I’m halfway into my 6 weeks of German Volume Training (GVT). It’s a bit deceptive in its effect. First and foremost, it is a hypertrophy protocol over strength. It’s claimed that one can expect 5 to 10 lbs of muscle over a 6 week period. The protocol is 10 sets of 10 reps, resting 90 seconds between sets, and varying tempos dependent on the lifts. Example: 3 seconds eccentric, no pause, 1 second concentric, no pause. That’s written like 10×10, 3010, 90. You may use a 60% of your 1 rep max (1rm) in order to complete 100 reps or somewhere just a bit above or below that percent.

It’s deceptive in that it feels light in the beginning. When things feel light, one can doubt whether the training is intense enough. It gets hard in the later sets but you finish the workout wanting to train more. Normally, when  you feel like you want to train more, you feel like you didn’t train hard enough. This is where it’s deceptive. The next day a great soreness reveals itself. For me, it can last a couple of days. It’s taken a few of these sessions for me to learn how much they impact they have on the body. In the beginning, it was hard to not train more, but it’s not a problem now.

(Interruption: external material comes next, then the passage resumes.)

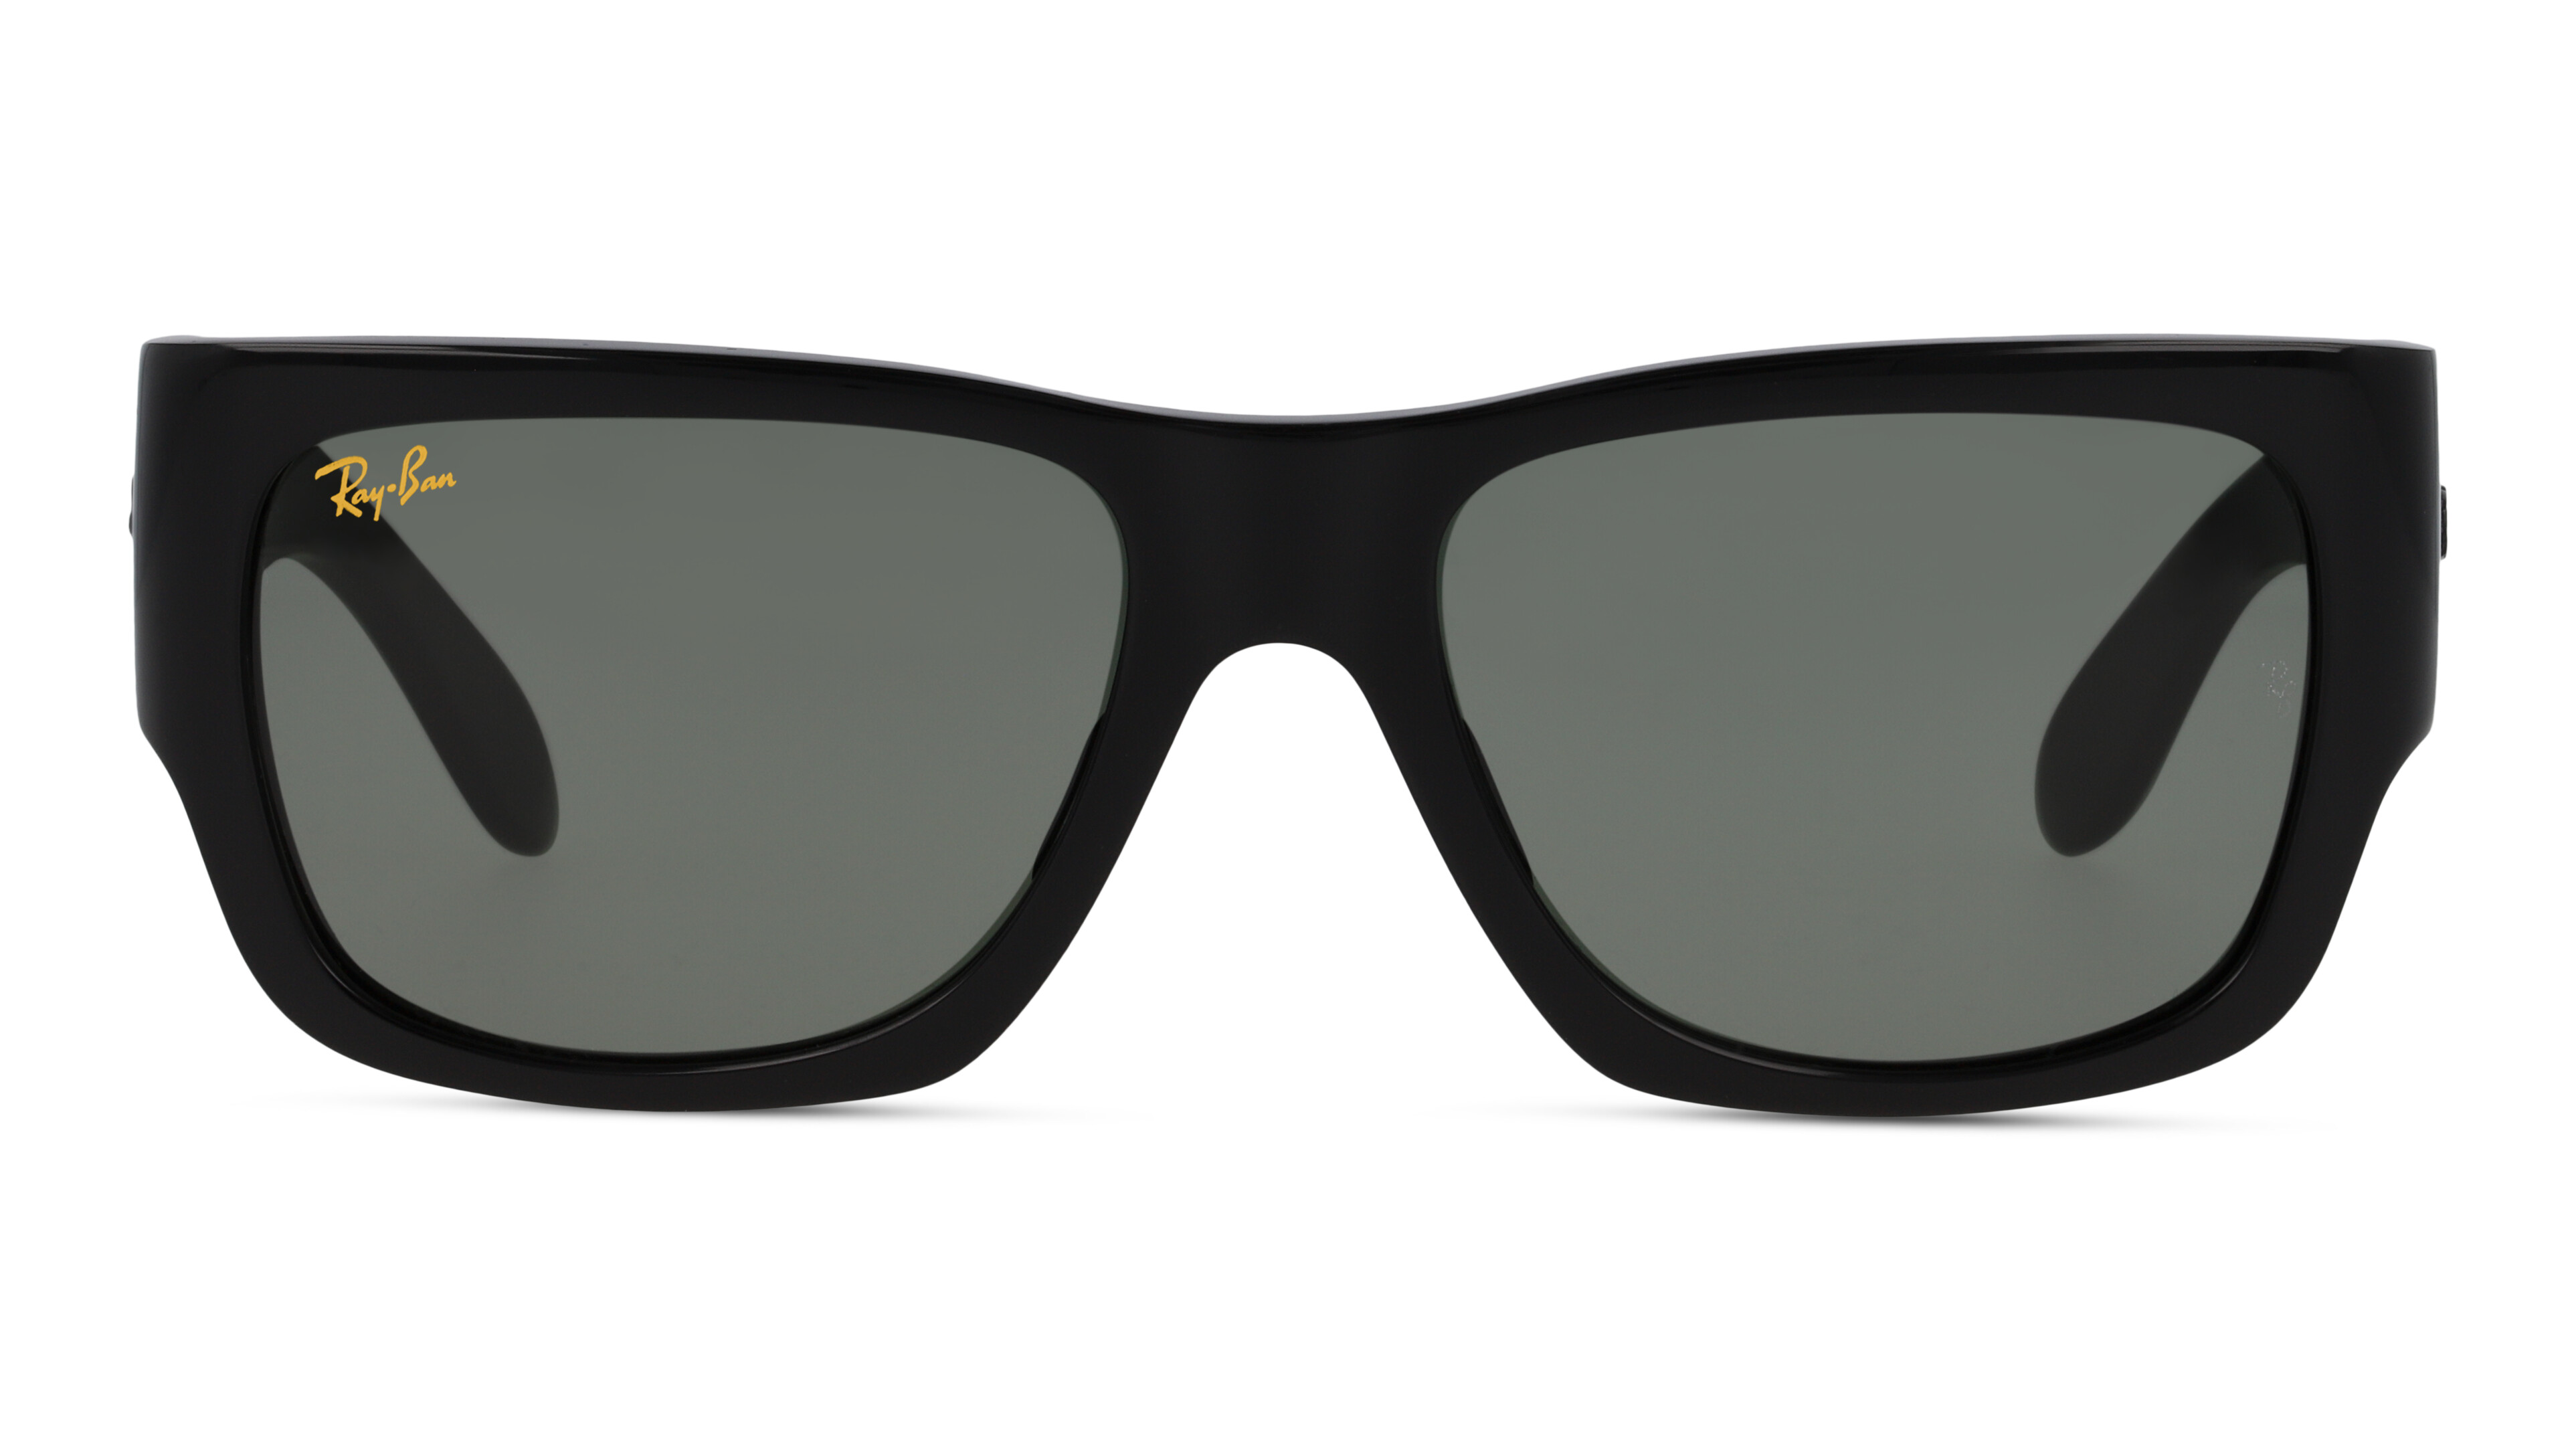 [products.image.front] Ray-Ban WAYFARER NOMAD 0RB2187 901/31 Sonnenbrille

I get it.

I started 8/4/15. Weight was 157 lbs and 13% body fat according to Withings. I seriously doubt this measurement given how defined my midsection is, but it is a measure from start to finish.

On 8/23/15, I’m 161 lbs and 15% body fat (again, according to my maligned scale). We’ll see where I end up at the end. 

Kipping Pullup Stares

I just went into 24 hour fitness for a brief and intense session. While there I did the kipping pullup. Granted, this is San Francisco and people do lots of different things here, but I sure did get some funny looks. One guy had to stop his work out, come over, do dead hang pullups and then give me a good stare. I’m not sure what it meant, but I felt like he was accusing me of “cheating” or something.

The kipping didn’t get any love at 24hour fitness.

I just smiled. I can do plenty of dead hand pullups and my heart rate gets to about 145 bpm max. When I do kipping pullups, I reach over 180 bpm.

I should also note I was in Mustang, OK last week at a great little community gym and did my kippings there. I think people thought I was weird, but I didn’t get any “cheater” stares.